I would have wanted to use negative lookbehinds but only .NET regex parser supports variable-width patterns.

There are a few more issues in sphobjinv related to the semantics of the object-reference lines in the v2 objects.inv. I'd be happy to collect those together if it would be helpful.

I'd be glad to have it. It could help a lot for #12204.

@bskinn
Copy link
Contributor

bskinn commented Mar 26, 2024

but there are some titles such as word word1:word2 integer that would fail your regex since word1:word2 would be incorrectly matched as domain:reftype.

Indeed, that is a point of failure.

I can take a look at your regex sometime soon, sure, but---I had an idea. What if we changed the paradigm of the format a bit further?

The key hangup as far as I can tell is that the single-line object format doesn't allow for an unambiguous separator character sequence, given the possible domain (not domain) of names and dispnames.

What if an uncompressed v3 inventory were something like this:

# Sphinx inventory version 3
# Project: MyProject
# Version: 0.1.0
# Object count: 4
# Uncompressed inventory MD5: abcdef123789654
# The remainder of this file is compressed using zlib.
word1:word2 1
  std
  label
  1
  foo/bar.html
  -

word1 word2:word3 2
  std
  label
  1
  foo/bar.html
  -

word1 1 word2:word3 2
  std
  label
  1
  foo/bar.html
  -

foobar
  rst
  directive:option
  1
  baz/quux.html
  -

This format would provide <NEWLINE><SPACE><SPACE> as a delimiter between fields, and <NEWLINE><NEWLINE> as a delimiter between objects. (The ability to use <NEWLINE> as part of the delimiter is the key feature here, as none of the fields for a given object reference permit newlines, as best I know.

This format would take a lot more vertical space when decompressed, but ... so what? In nearly all uses, humans won't be reading it, and it'll be zlib-compressed anyways. Even in the few cases where someone is looking directly at it, it still seems quite readable to me.

And, even though there are extra characters in these delimiters, the zlib compression should work quite effectively on them.

(I also tossed an object count and and MD5 hash into the header to improve the options for validity checking.)

What do you think?

@picnixz
Copy link
Member Author

picnixz commented Mar 26, 2024

What if we changed the paradigm of the format a bit further?

Ideally yes: it's better to change the format so that we don't have possible ambiguities.
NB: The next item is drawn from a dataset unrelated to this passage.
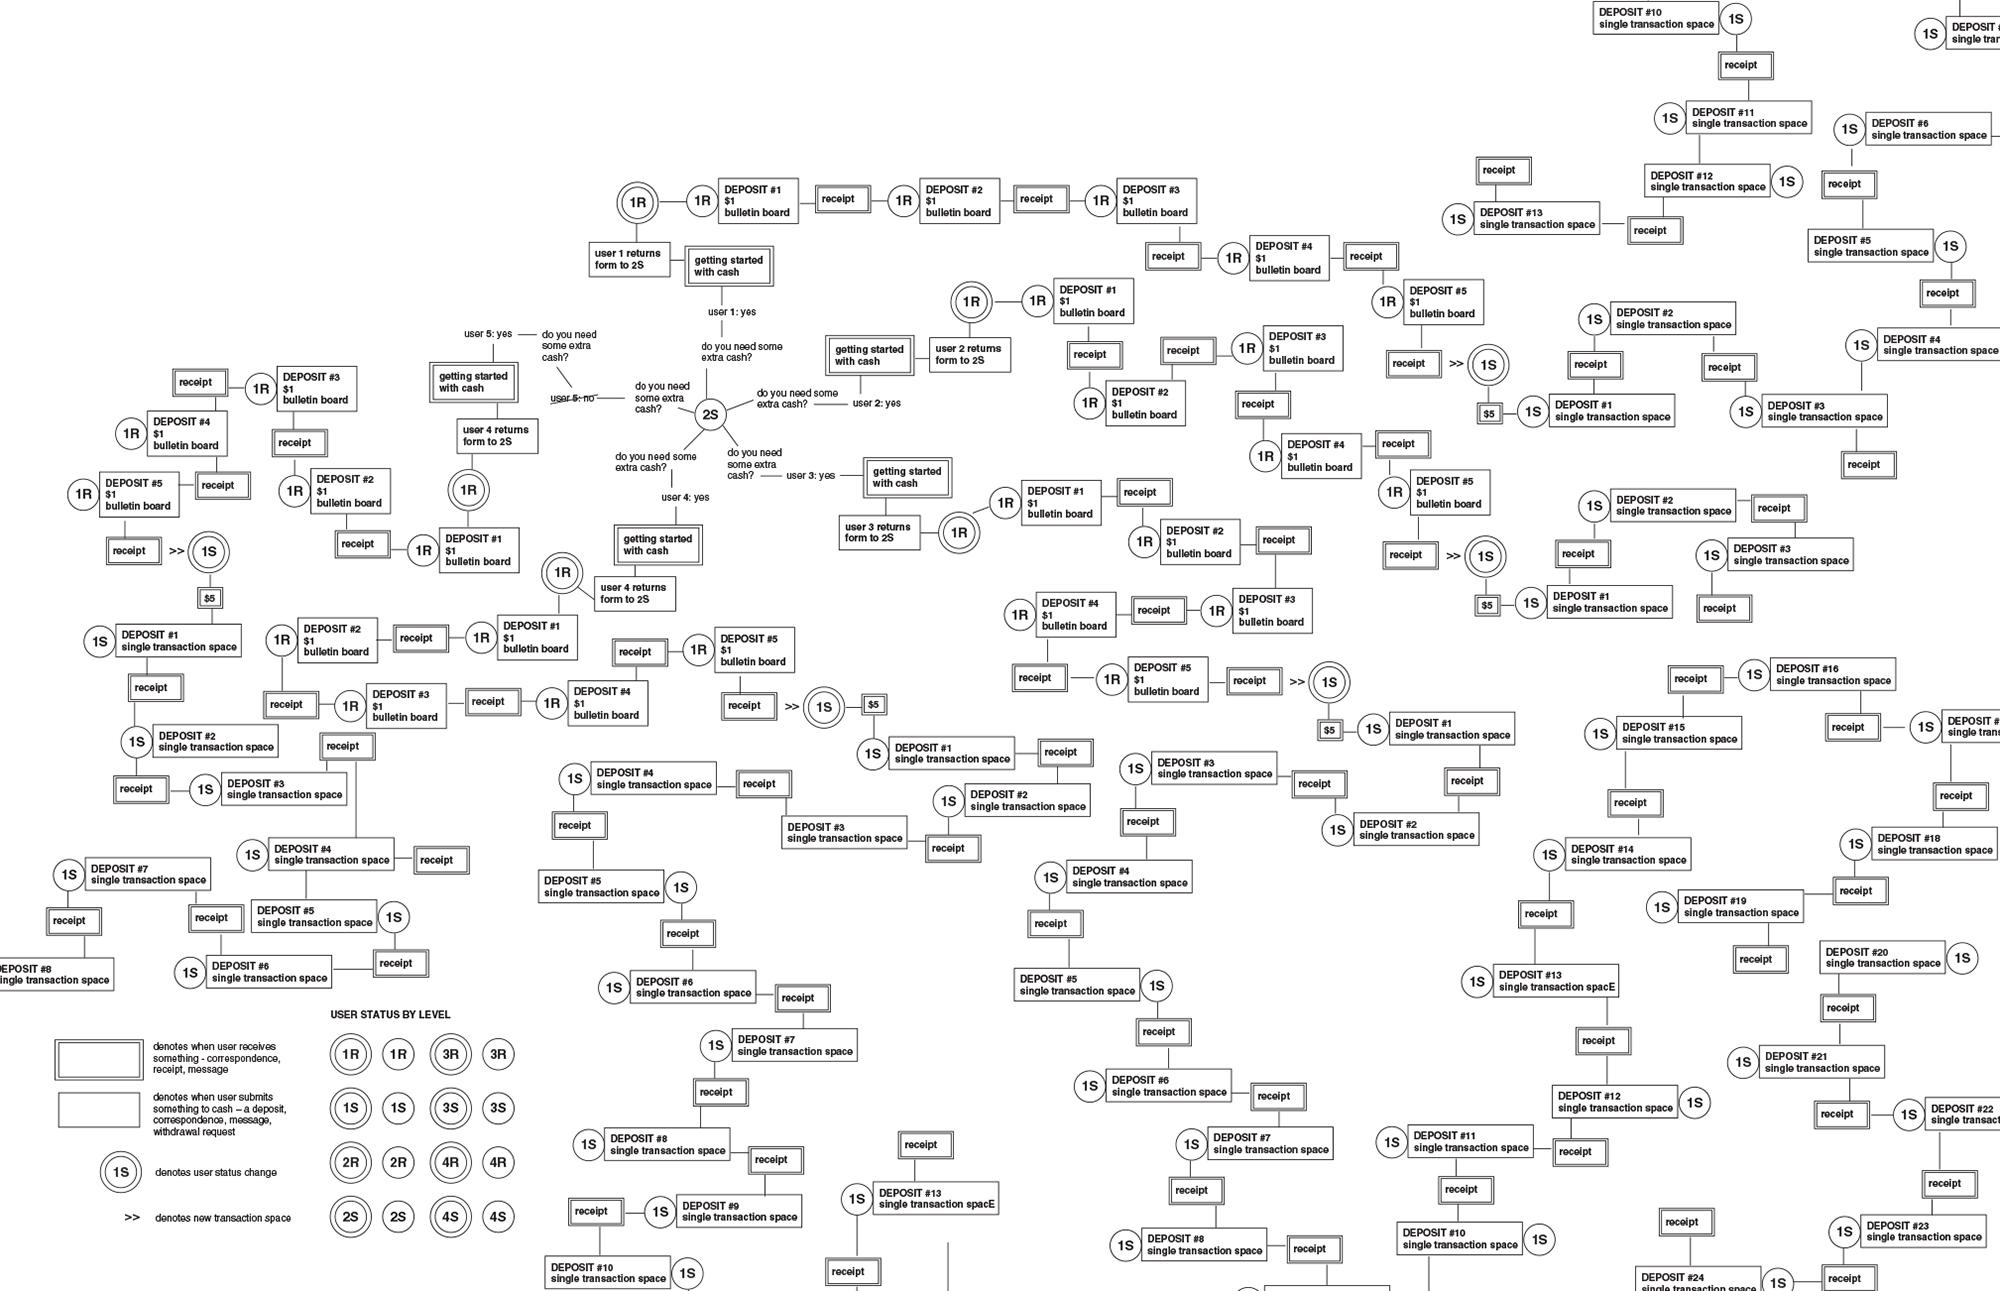 CASH_transaction_map.jpg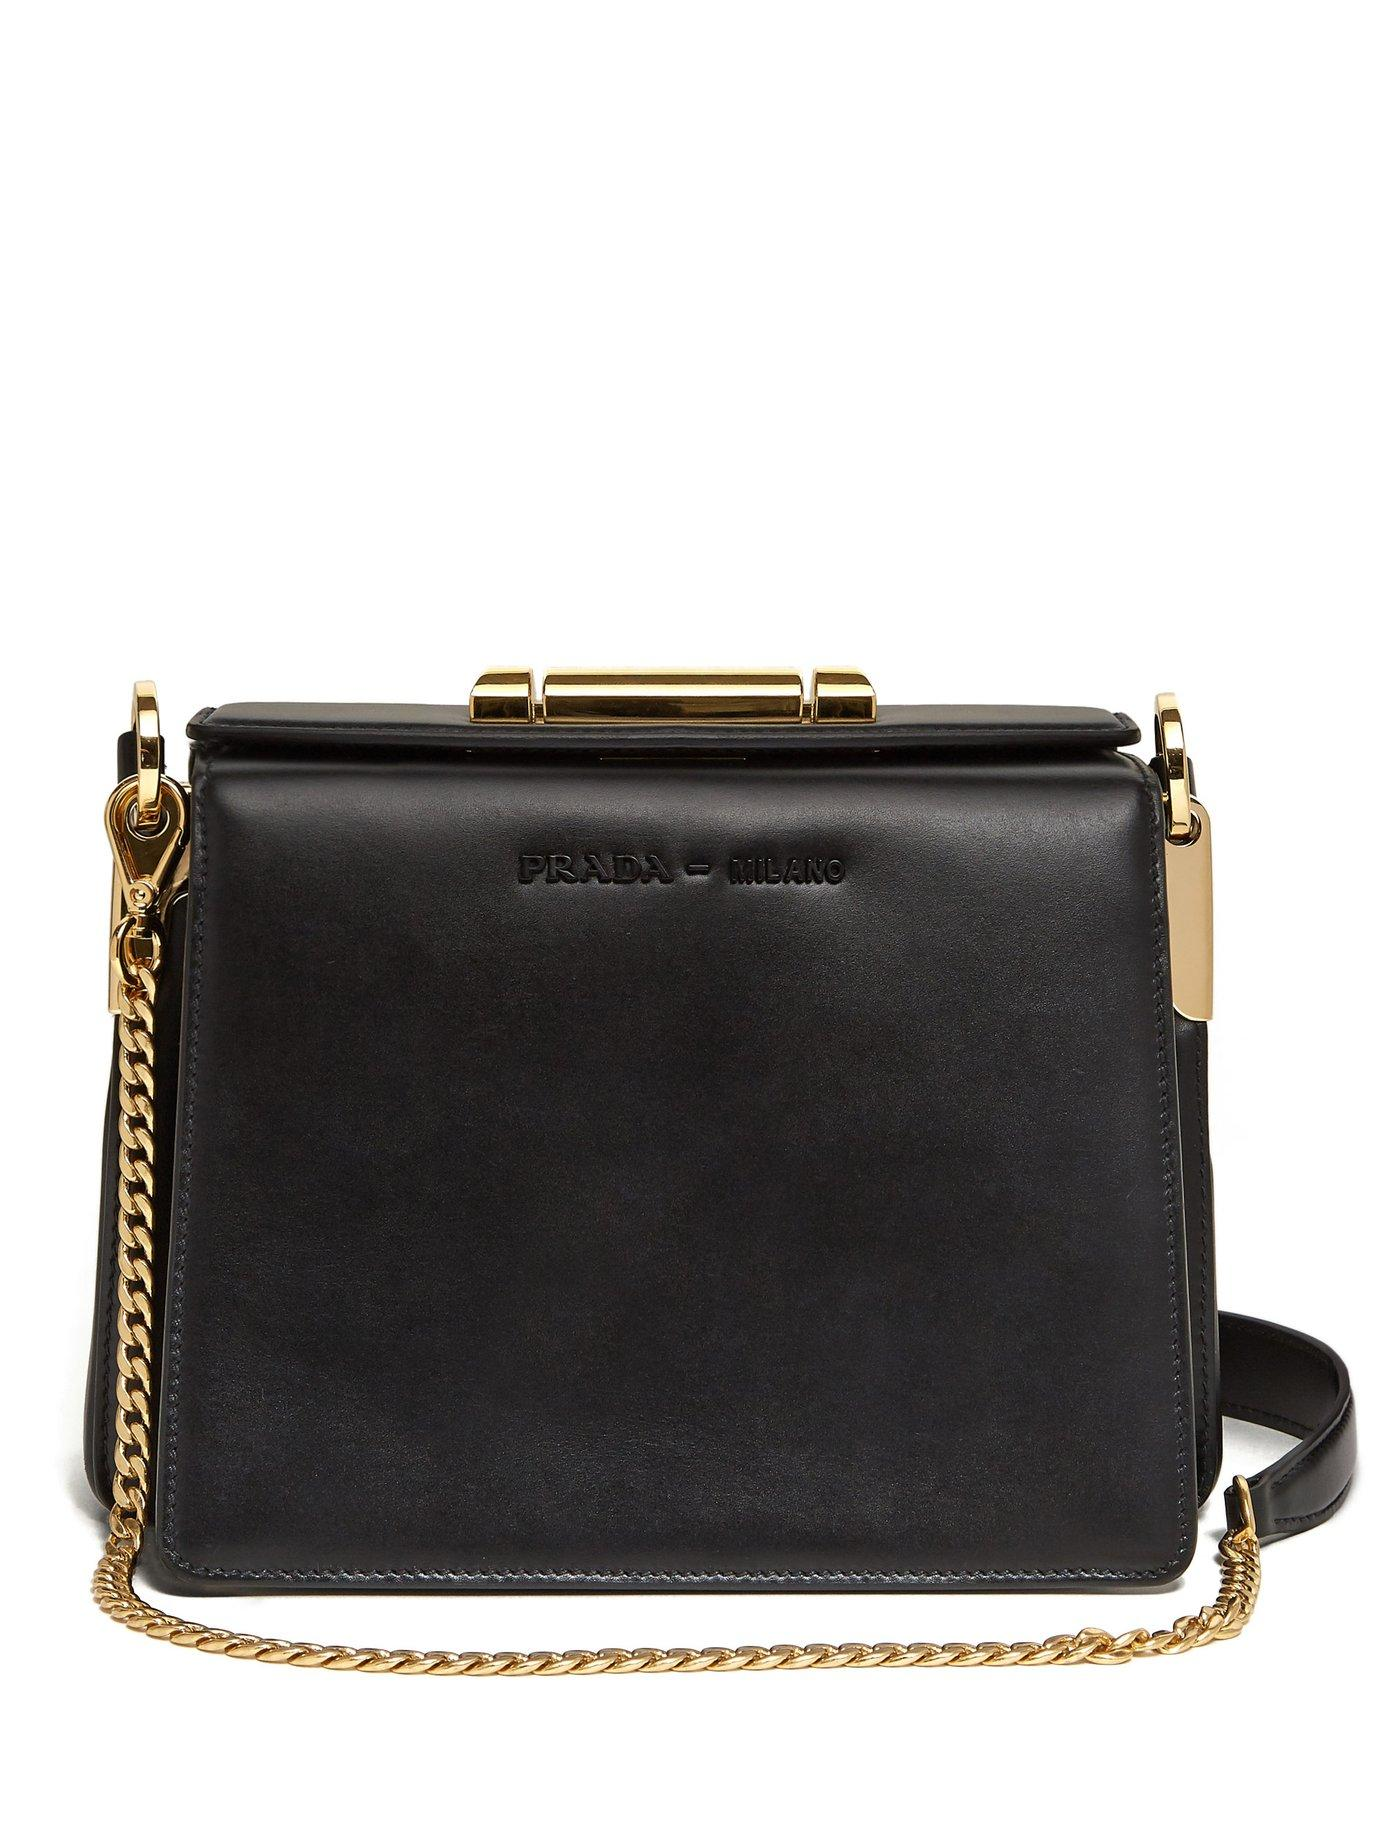 889b78c8532d Lyst - Prada Sybille Leather Cross Body Bag in Black

An alternative for a simpler visual (without new lines) is to encode the length of the title (and there will be no need for a regex, or a fancy separator that could in the future exist (though I doubt newlines will ever be a valid title)).

I should check (but I don't have time) the exact specs of DEFLATE in stream mode but I'm pretty sure that the size shouldn't blow up (could you check the bytes size of the compressed inventories with and w/o newlines as separators and with titles with whitespaces?)

@picnixz picnixz removed the request for review from AA-Turner March 26, 2024 15:03
@bskinn
Copy link
Contributor

bskinn commented Mar 26, 2024

Definitely true, including the name length as you propose is probably about the most minimal change achievable, and wouldn't dramatically change the flow of line parsing.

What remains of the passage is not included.